See provider-api-compatibility.md for the compatibility matrix and field-level contract.

Worked Request Path

One plain path looks like this:

  • request model:
    • tag:fast
  • allowed model set:
    • gpt-4o-mini, claude-3-5-haiku
  • selection result:
    • gpt-4o-mini
  • alias result:
    • openai-gpt-4o-mini
  • planned route order:
    • openai-primary, then openai-backup
  • capability filter:
    • openai-primary stays eligible
  • execution:
    • the handler uses openai-primary
  • request-log fields:
    • model_key = gpt-4o-mini
    • resolved_model_key = openai-gpt-4o-mini
    • provider_key = openai-primary

Use request-lifecycle-and-failure-modes.md for the later logging, pricing, and budget effects.

/v1/models

GET /v1/models returns the gateway models visible to the authenticated API key.

Important notes:

  • it reflects gateway model identity, not raw provider catalogs
  • it shows grant-visible identities
  • it does not promise executable routes

That last point matters.
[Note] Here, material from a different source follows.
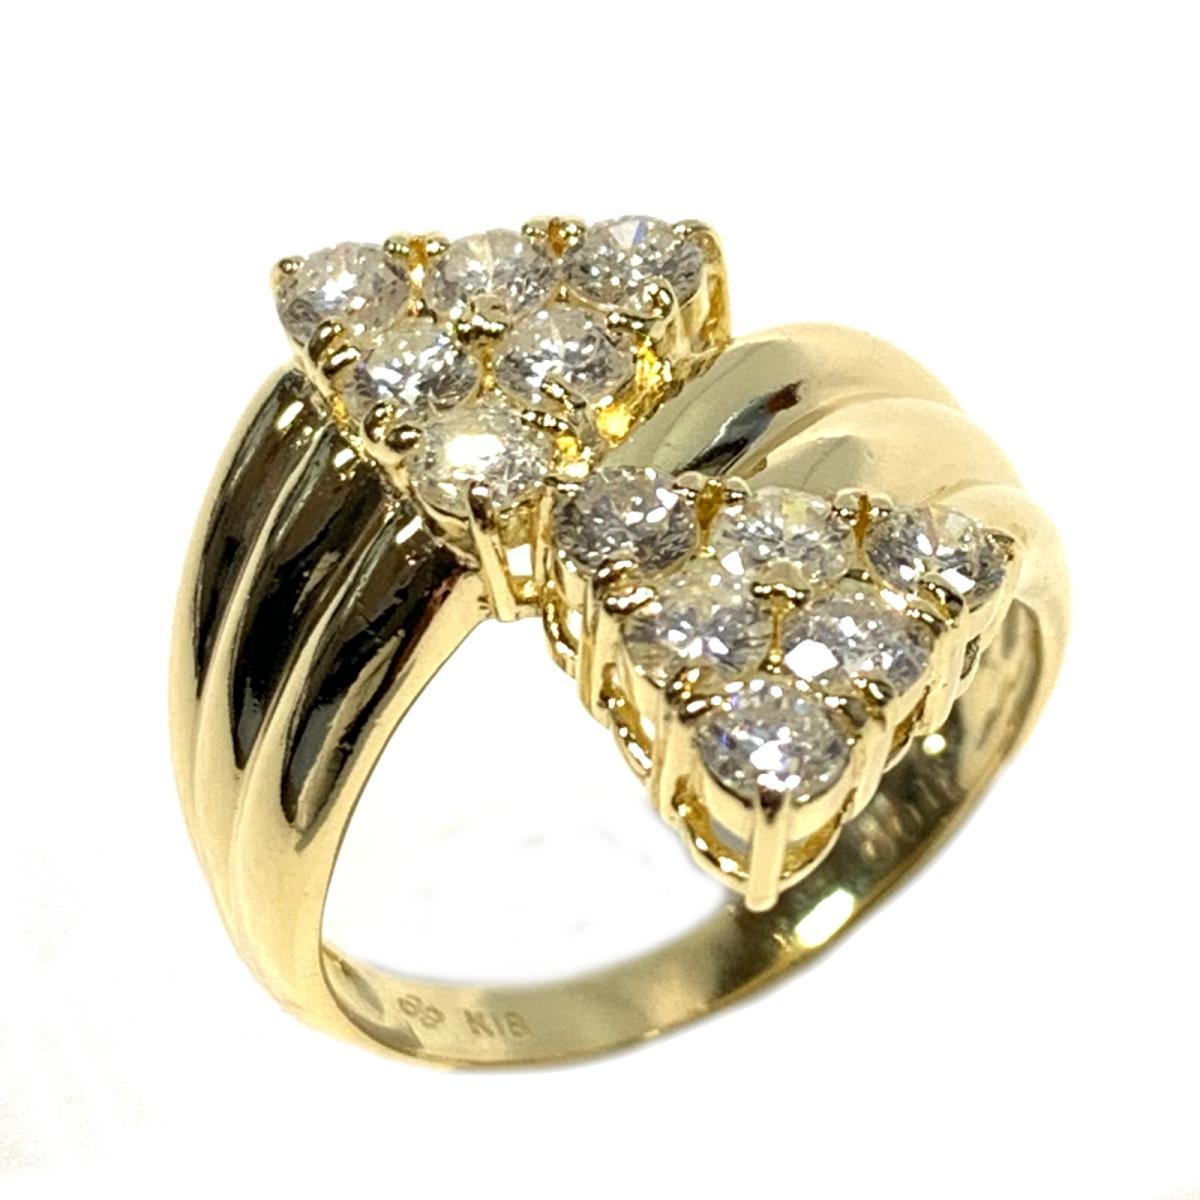 【中古】 ジュエリー ダイアヤモンドリング 指輪 レディース K18YG (750) イエローゴールド x ダイヤモンド1.00ct ゴールド クリアー | JEWELRY BRANDOFF ブランドオフ ブランド アクセサリー リング

A model can be visible and still fail if route viability or capability checks remove every route.

/v1/chat/completions

Current behavior highlights:

  • request IDs are propagated through x-request-id
  • budget checks run before provider execution
  • successful requests write usage when usage can be normalized
  • request logs store both requested and resolved model identity

/v1/responses

POST /v1/responses follows the same authentication, model resolution, route planning, budget guard, logging, and ledger flow as Chat Completions.

Important differences:

  • route capability filtering requires responses
  • provider execution calls the provider's Responses methods, not Chat Completions methods
  • streaming preserves Responses response.* event names and payloads instead of rewriting them into Chat Completions chunks
  • usage is normalized from input_tokens, output_tokens, and total_tokens

/v1/embeddings

POST /v1/embeddings follows the same high-level path:

  • authenticate
  • resolve the requested model
  • capability-filter the route set
  • execute the first eligible route
  • write usage when usage can be normalized

Current limitation:

  • Vertex embeddings remain out of scope in this slice and should be excluded by capability gating

Route Viability Versus Capability Mismatch

SymptomMeaning
invalid_requestthe model resolved, but capability filtering removed every route
no_routes_availablethe model exists, but no usable route survived provider and route-viability checks

That distinction is one of the fastest ways to debug a visible-but-unusable model.

Current V1 Behavior

The live runtime is intentionally narrow in this slice:

  • single-route execution only
  • no retry loop
  • no live fallback loop
  • strict capability filtering before provider execution

The open retry/fallback policy work must amend this section when it lands; see issue #118.